Please don’t kill me, Obama
Why I created a petition for the president to create a "do not kill" list -- and why you should sign it
Topics: National security, Barack Obama, Politics News
In the trio of unalienable rights outlined in the Declaration of Independence, the reason “life” was listed first should be obvious: If you aren’t alive, you can’t have liberty or pursue happiness (or much of anything else, for that matter). That’s why this week’s revelations about President Obama personally overseeing a “Kill List” is so significant — the president’s extralegal actions undermine the very right from which all other rights exist. And it’s why I launched an official White House petition asking the president to create a “Do Not Kill” list that would at least allow Americans to protect themselves from being deprived of their lives at the hand of the president.
Following the lead of other government-administered lists like the “Do Not Call” list and the “No Fly” list, the petition’s proposal is straightforward. It reads:
The New York Times this week reports that President Obama has created an official “Kill List” that he uses to personally order the assassination of American citizens. Considering that the government already has a “Do Not Call” list and a “No Fly” list, we hereby request that the White House create a “Do Not Kill” list in which American citizens can sign up to avoid being put on the president’s “Kill List” and therefore avoid being executed without indictment, judge, jury, trial or due process of law.

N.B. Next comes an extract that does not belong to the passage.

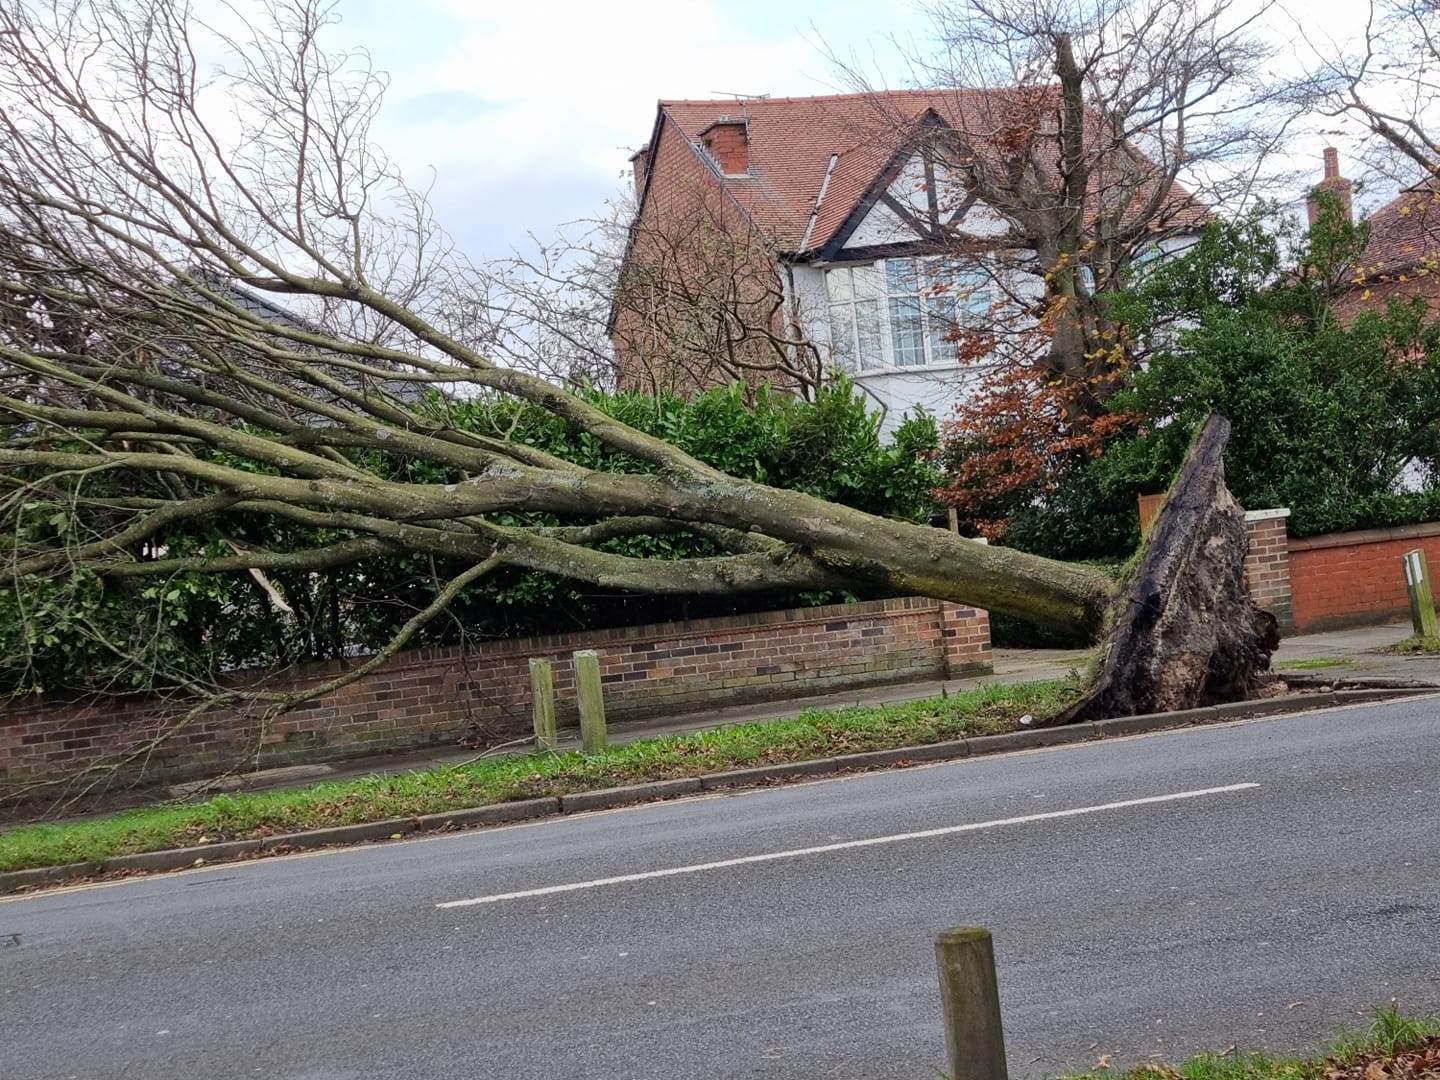 A tree was knocked over by Storm Arwen on Scarisbrick New Road in Southport. Photo by Michelle Suzanne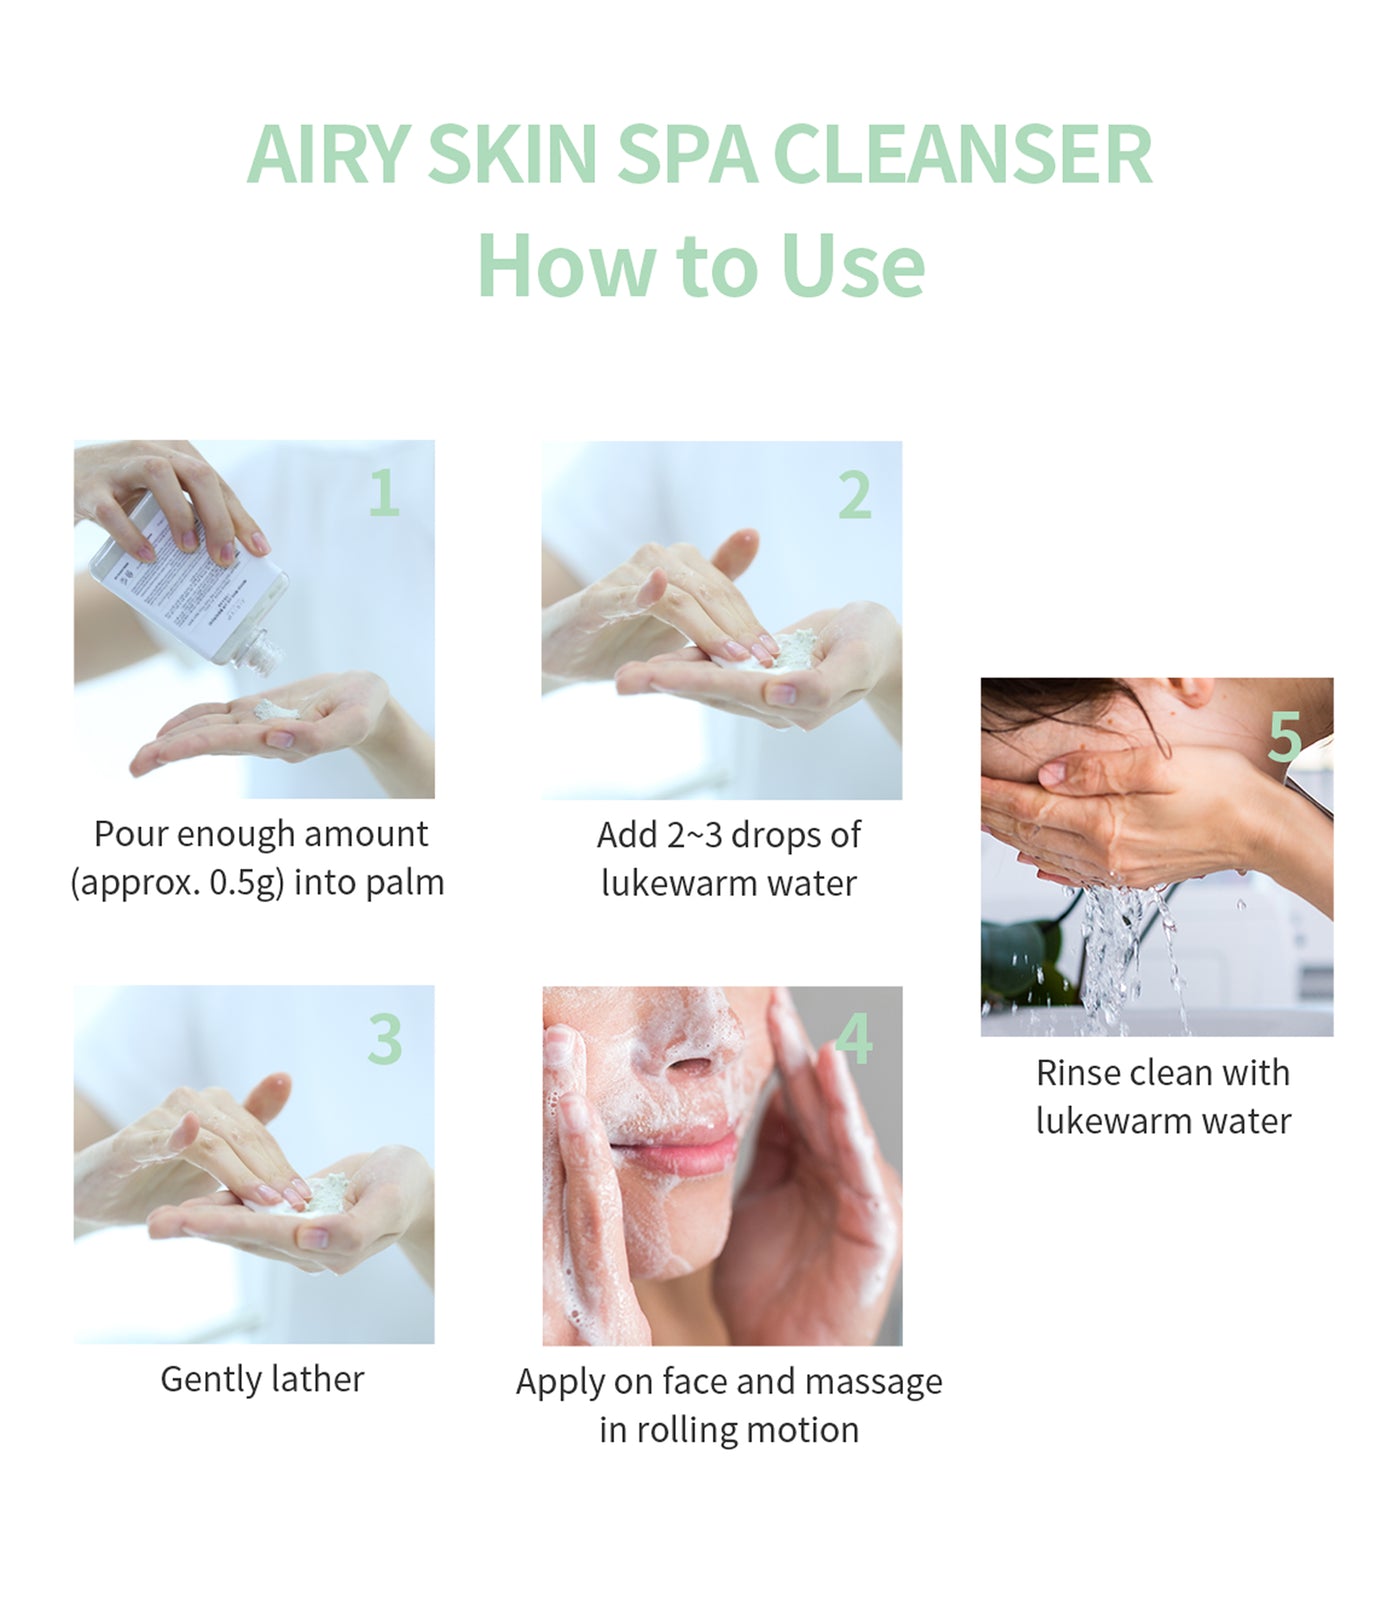 AIRIVE Airy Skin Spa Cleanser - Mild acidic pH + Soothe & Hydrate (50g)

Sadly, the need for the government to create a “Do Not Kill” list is no longer theoretical. As the Times (and other media) have reported, the president ordered the execution of American citizen Anwar al-Awlaki without so much as charging him with a single crime, much less convicting him of one. The Times reports that in doing so, the Obama administration issued a memo claiming that the Fifth Amendment’s guarantee of due process (i.e., a right to formal charges and a trial by a separate co-equal branch of government) can now “be satisfied by internal deliberations in the executive branch.” As if underscoring the extrajudicial nature of the actions, even the memo remains secret.
David Sirota is a nationally syndicated newspaper columnist, magazine journalist and the best-selling author of the books "Hostile Takeover," "The Uprising" and "Back to Our Future." E-mail him at ds@davidsirota.com, follow him on Twitter @davidsirota or visit his website at www.davidsirota.com. More David Sirota.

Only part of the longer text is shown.